__WHAT YOU WILL DO__: All lines below starting at the one that holds "Ferris Industries 5900625" and ending at the one that holds "Flaunting an elegant" should be printed exactly, ends included. Pictures should not be printed, nor anything else.

__MATERIAL FOR THIS TASK__:
☆ ☆ ☆

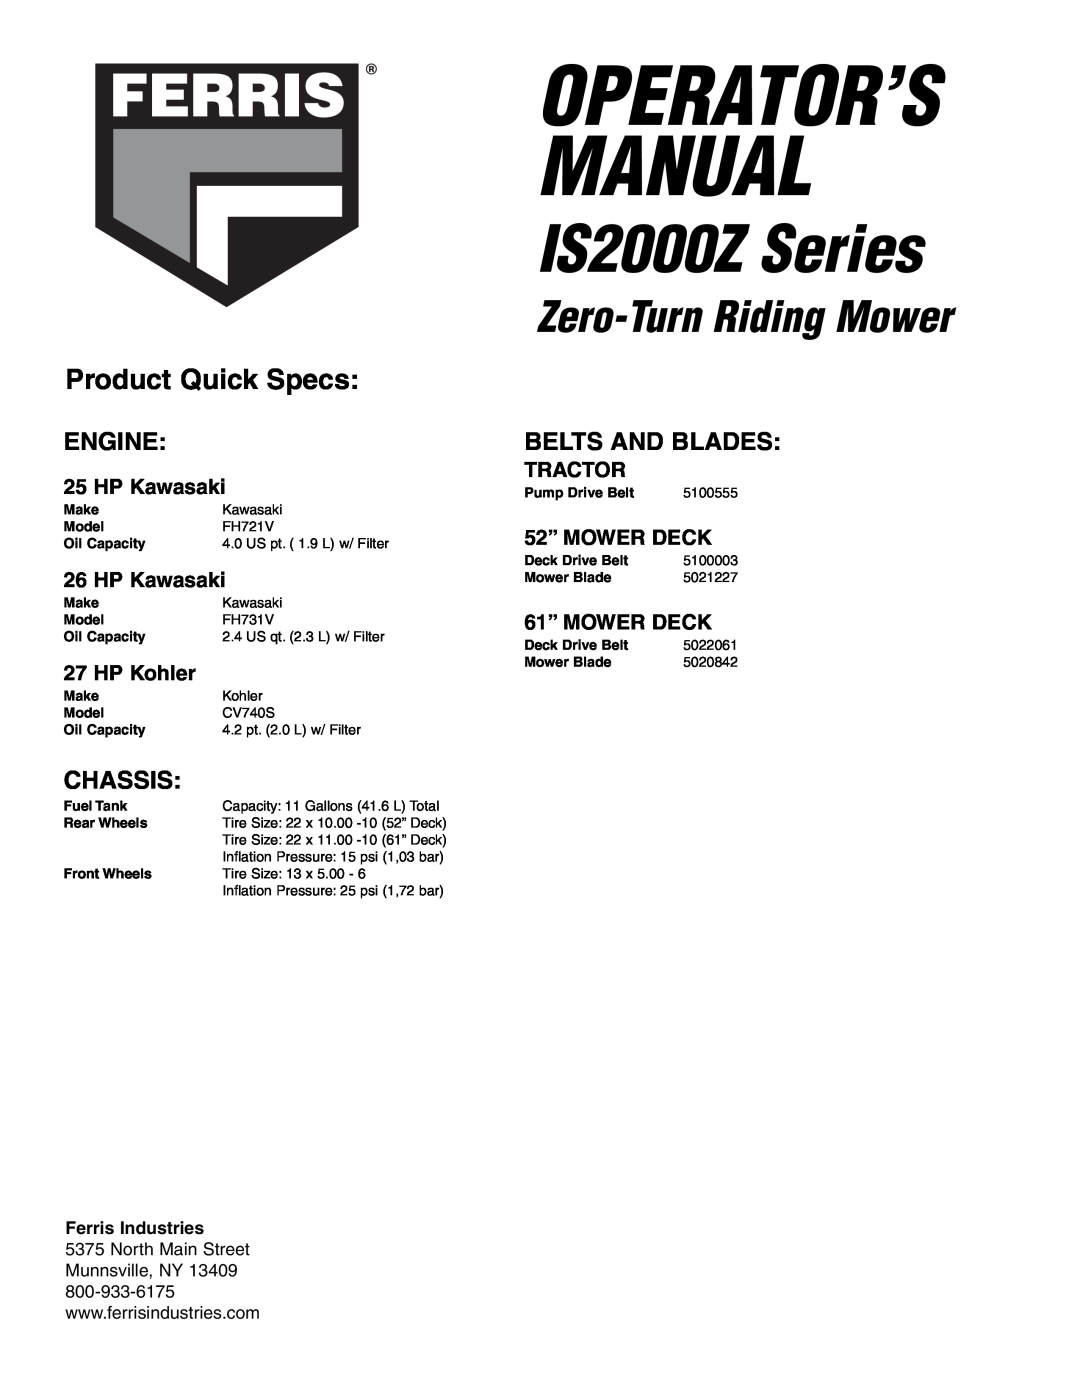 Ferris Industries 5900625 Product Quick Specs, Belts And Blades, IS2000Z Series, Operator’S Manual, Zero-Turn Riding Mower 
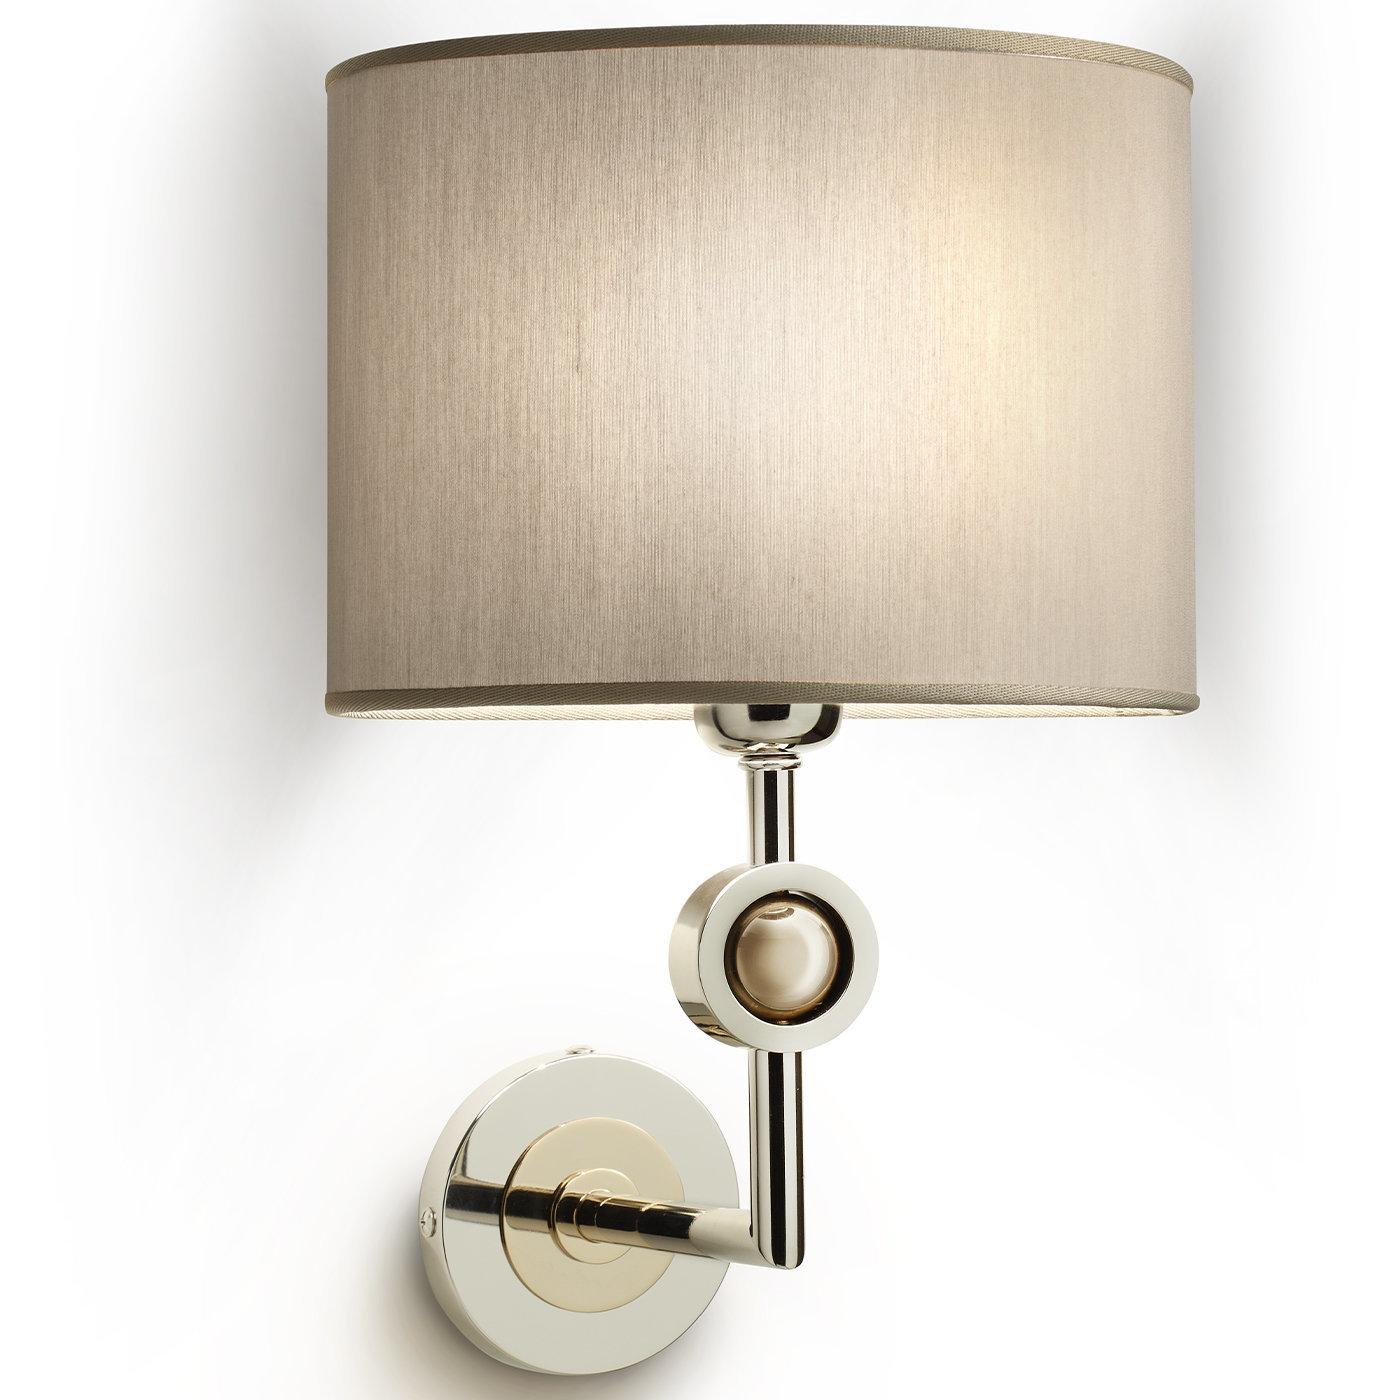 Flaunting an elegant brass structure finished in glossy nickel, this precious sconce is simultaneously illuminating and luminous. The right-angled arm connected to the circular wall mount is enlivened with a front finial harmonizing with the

☆ ☆ ☆

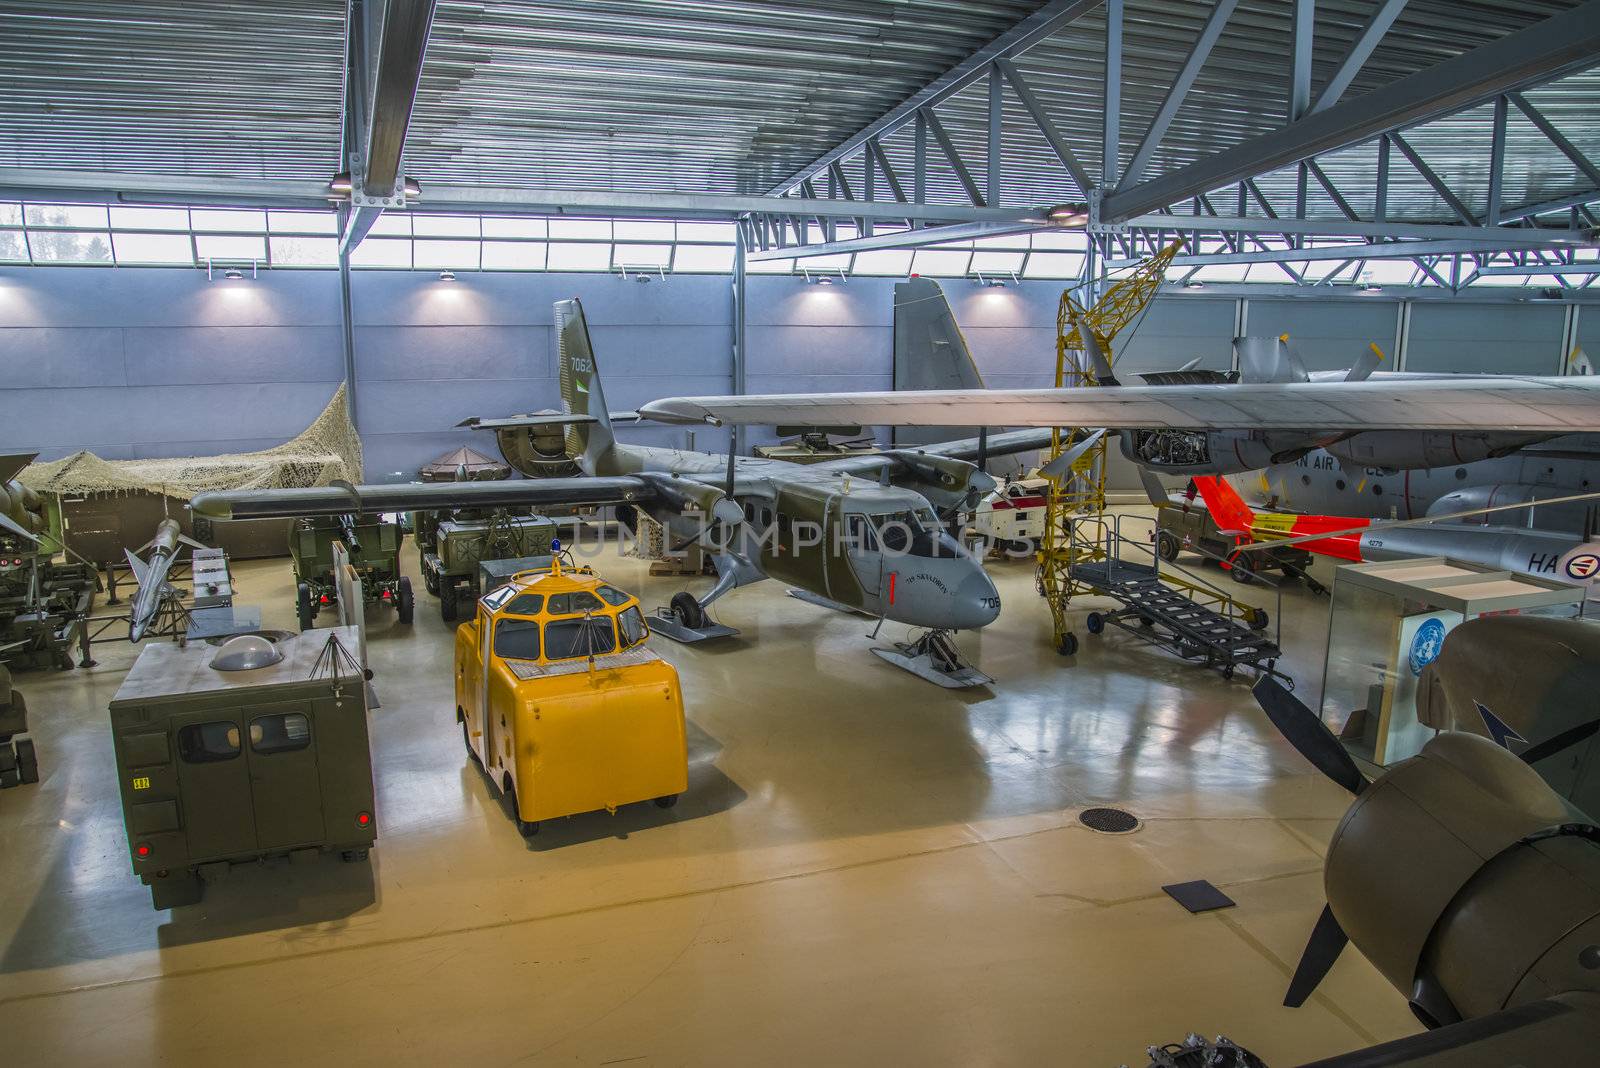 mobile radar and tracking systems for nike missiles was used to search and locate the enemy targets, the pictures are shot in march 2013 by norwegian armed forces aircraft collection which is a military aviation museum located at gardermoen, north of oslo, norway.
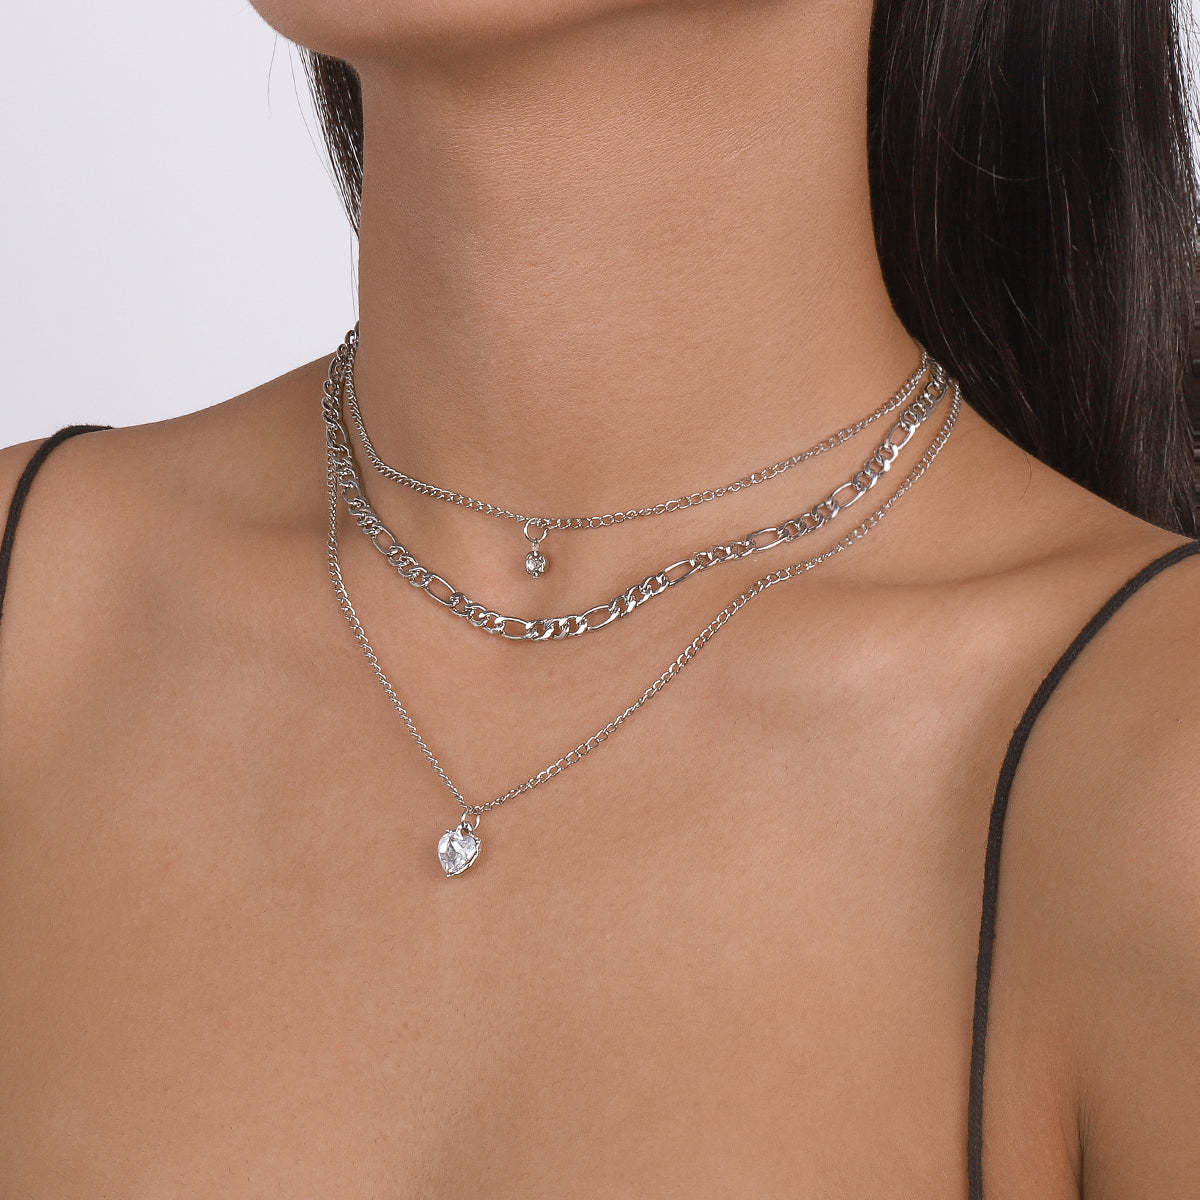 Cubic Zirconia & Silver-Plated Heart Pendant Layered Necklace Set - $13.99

☆ ☆ ☆

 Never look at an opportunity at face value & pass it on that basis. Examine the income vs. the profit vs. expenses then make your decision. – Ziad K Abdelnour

☆ ☆ ☆

__OUTPUT FOR THIS TASK__:
 Ferris Industries 5900625 Product Quick Specs, Belts And Blades, IS2000Z Series, Operator’S Manual, Zero-Turn Riding Mower 
 Flaunting an elegant brass structure finished in glossy nickel, this precious sconce is simultaneously illuminating and luminous. The right-angled arm connected to the circular wall mount is enlivened with a front finial harmonizing with the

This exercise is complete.